Au cours des derniers mois, la Chine et l’Europe n’ont cessés de s’engager en faveur du multilatéralisme positionnant la Nouvelle Route de la Soie comme une alternative naturelle à l’isolationnisme et au protectionnisme.  A chacune des grandes questions du siècle, elle doit être en mesure d’apporter une réponse convaincante. Face aux radicalismes, elle est une promesse d’inclusion et de développement. Face au ralentissement économique, elle offre des perspectives de croissance grâce à l’ouverture de nouveaux débouchés.

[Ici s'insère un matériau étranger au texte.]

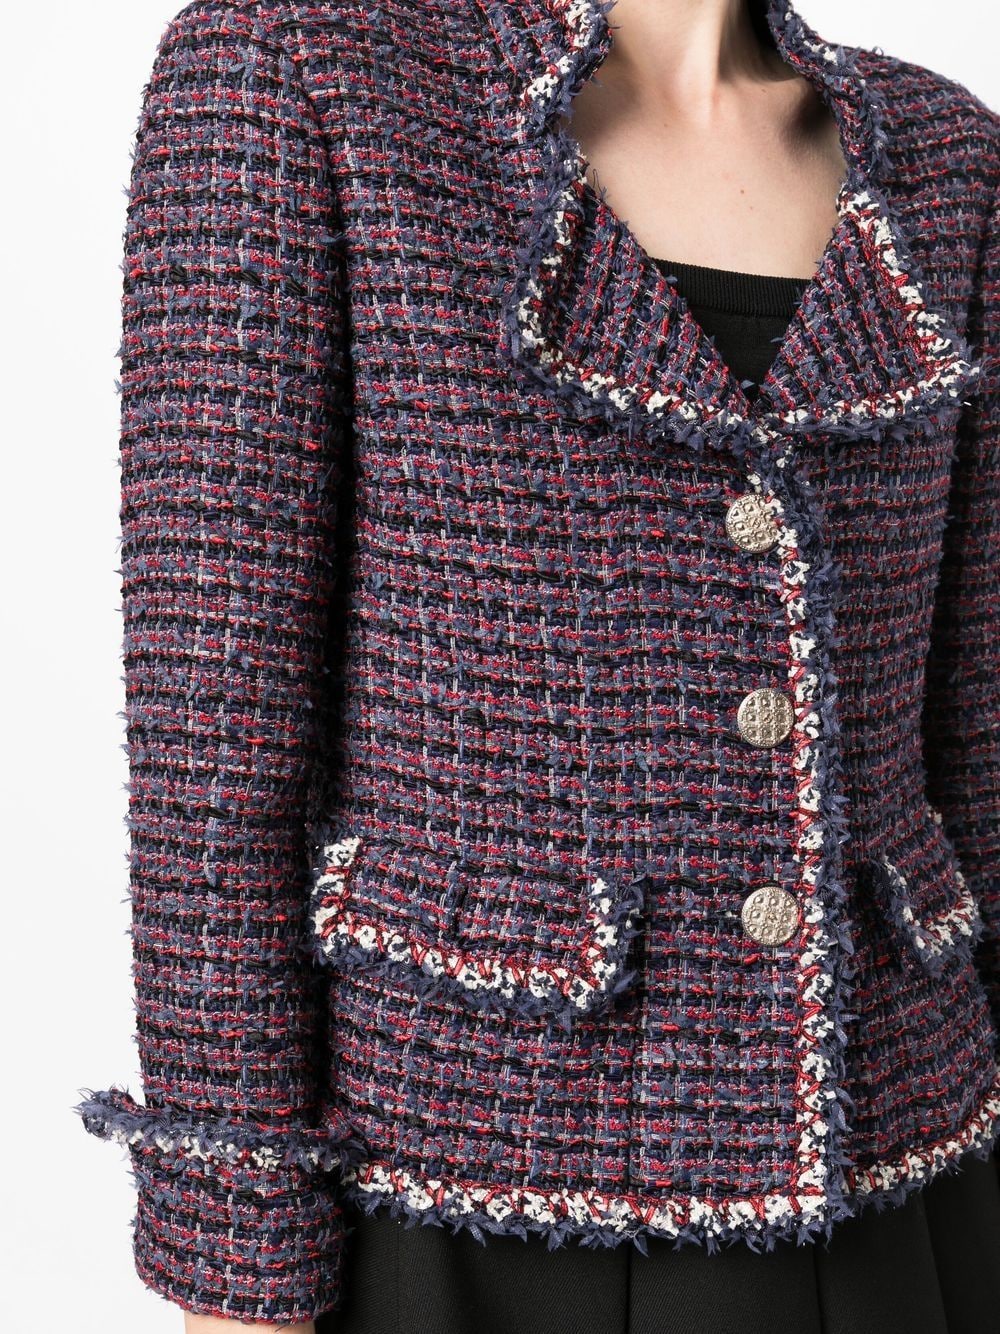 The secret of the Chanel tweed jacket

Mais nous devons aller plus loin : face aux enjeux environnementaux, numériques et diplomatiques : la Nouvelle Route de la Soie doit devenir un lieu de proposition et de concertation au travers d’initiatives ciblées comme la « Nouvelle Route de la Soie digitale », œuvrant à une régulation multilatérale d’internet, ou une « Nouvelle Route de la Soie écologique », poursuivant les efforts de la Conférence de Paris, signée en 2015, et favorisant les investissements durable, par exemple au travers d’obligations vertes.

Les prochains mois seront propices à l’approfondissement des discussions sino-européennes sur la Nouvelle Route de la Soie. A la veille des élections européennes, qui se tiendront en mai 2019, nous avons tout intérêt à initier une nouvelle relation en faisant de la Nouvelle Route de la Soie le lieu d’une coopération plus étroite et plus efficace. Sachons saisir cette chance pour l’avenir de la paix et l’invention d’une mondialisation plus stable.